Only a couple years ago, electric bicycle manufacturers couldn’t keep e-bikes on the shelves as they were being snatched up faster than they could be produced. But while some e-bike companies have managed to keep up a steady cash flow and balanced operations, others have run into financial difficulties. For European e-bike maker VanMoof, those difficulties turned into a dire situation just a few months ago.
As reported by Dutch media company Financieele Dagblad, VanMoof nearly ran out of money to pay its bills late last year.

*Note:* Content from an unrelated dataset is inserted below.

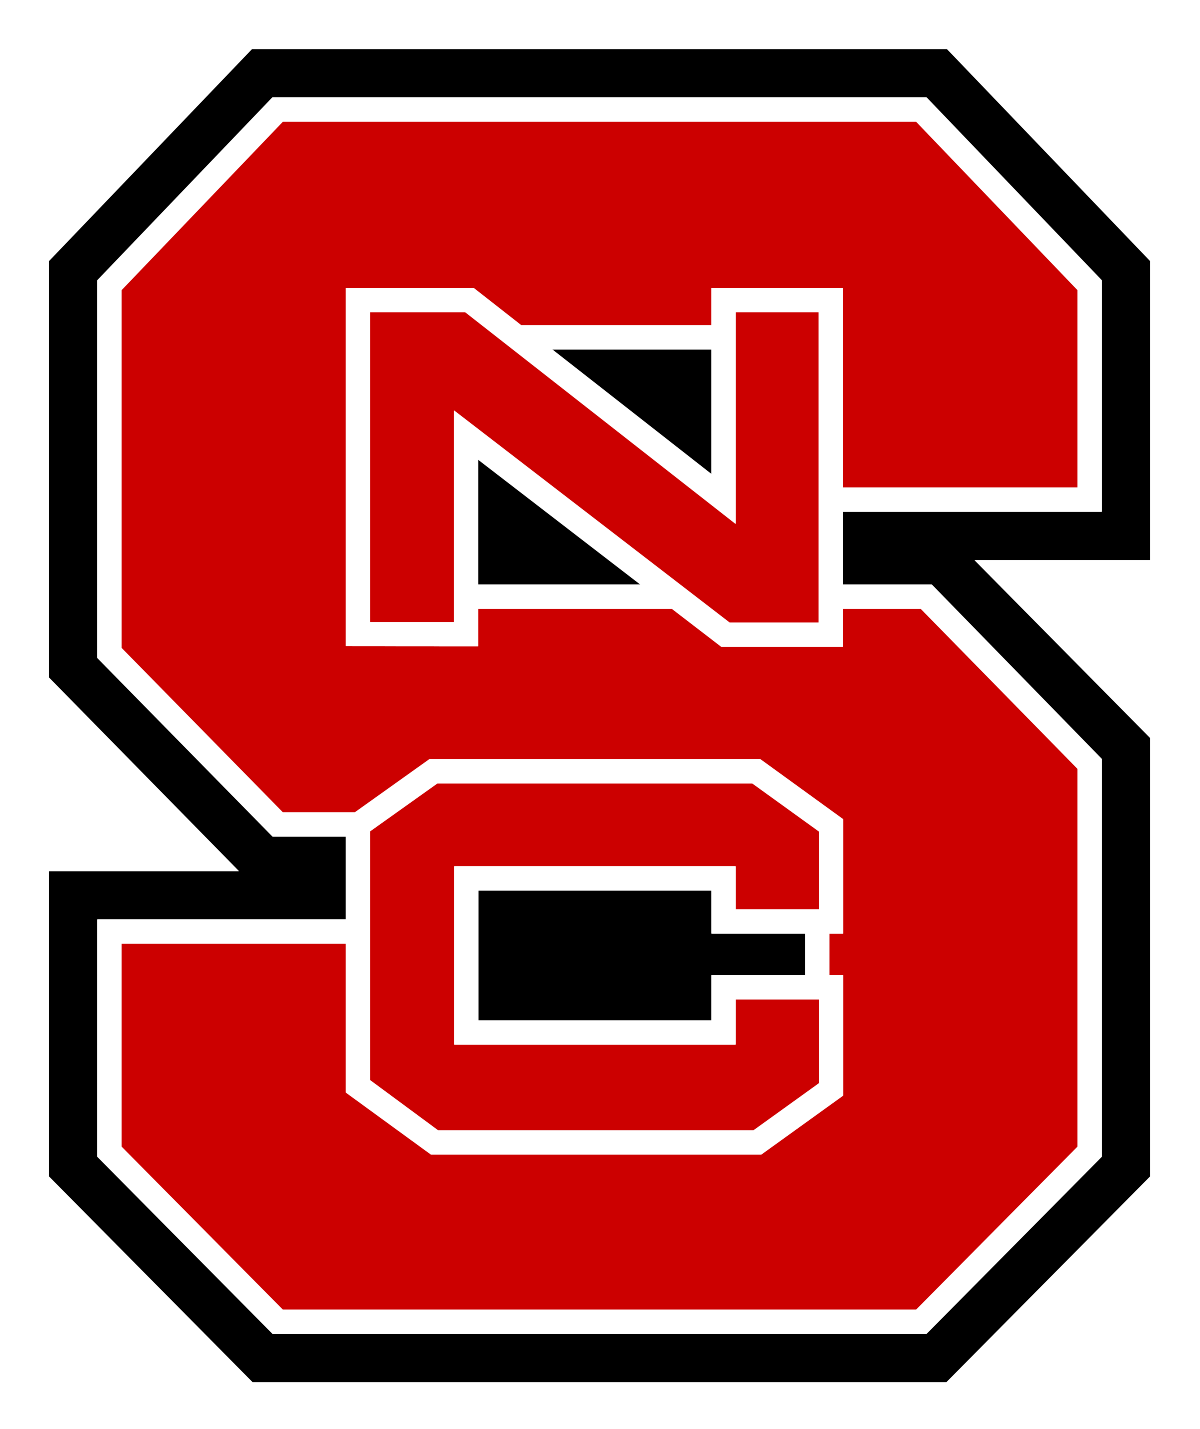 NC State University

The company has since managed to raise sufficient funding from its original British and Chinese investors to make it out of the woods, but there were surely some sleepless nights for the management team at the end of 2022.
VanMoof’s annual report, filed at the end of last year, described the company’s immediate need to raise capital. Without a quick injection of funds, the company could not guarantee its “ability to continue its activities beyond the first quarter of 2023.”
The report revealed that VanMoof had asked its suppliers to defer payment until after additional capital had been raised. That’s a move that other large bike companies including Giant have been forced to make recently, according to Cycling Industry News.
VanMoof’s electric bicycles fall into an interesting niche among European e-bikes. The e-bikes, which range from around €2,500 to €3,000 in Europe, rely on more affordable hub motor drivetrains and thus undercut the higher-cost European e-bikes made by companies like Urban Arrow, Riese & Müller, Gazelle, and others.
Those lower prices along with sleek design and strong branding have helped VanMoof scoop up higher sales volumes.
But VanMoof maintains a massive workforce, reaching as many as 900 employees at one point. The company also operates brand stores in several countries across North America, Europe, and Asia.
Despite reporting tens of millions of euros in revenue each year, maintaining that large employee base and broad geographic footprint of brick-and-mortar stores hasn’t been cheap. Fortunately for VanMoof fans though, the company’s most recent 11th hour cash infusion from its existing investor base seems to have helped VanMoof return to steady footing for now.
Such economic hardships haven’t only affected e-bike companies like VanMoof. Other light EV companies have found themselves in similarly precarious financial standing. We recently reported on Oregon-based Arcimoto suspending production and laying off a large number of employees while it seeks to quickly raise enough funding to continue operations.
In that case, Arcimoto has been hampered by its much higher cost of production for highway-legal motorcycle-class electric three-wheelers that have so far failed to achieve the demand required to meet Arcimoto’s large-scale production goals.
I can’t fathom how VanMoof can sustain such a large workforce. Companies like Rad Power Bikes sell considerably more e-bikes than VanMoof, and even Rad had to undergo several rounds of layoffs in the last year or so. I imagine VanMoof’s payroll must be a huge part of its burn rate, especially since you can’t put off paying employees the way you can with suppliers of brakes and pedals. And of course those e-bike hunters don’t work for free.
I’m glad to hear that the company found the money it needs to go on though, especially since I’m still waiting for them to get around to producing that VanMoof V concept e-bike that is supposed to reach 31 mph (50 km/h). No one can let VanMoof die until I get to ride that slick-looking thing.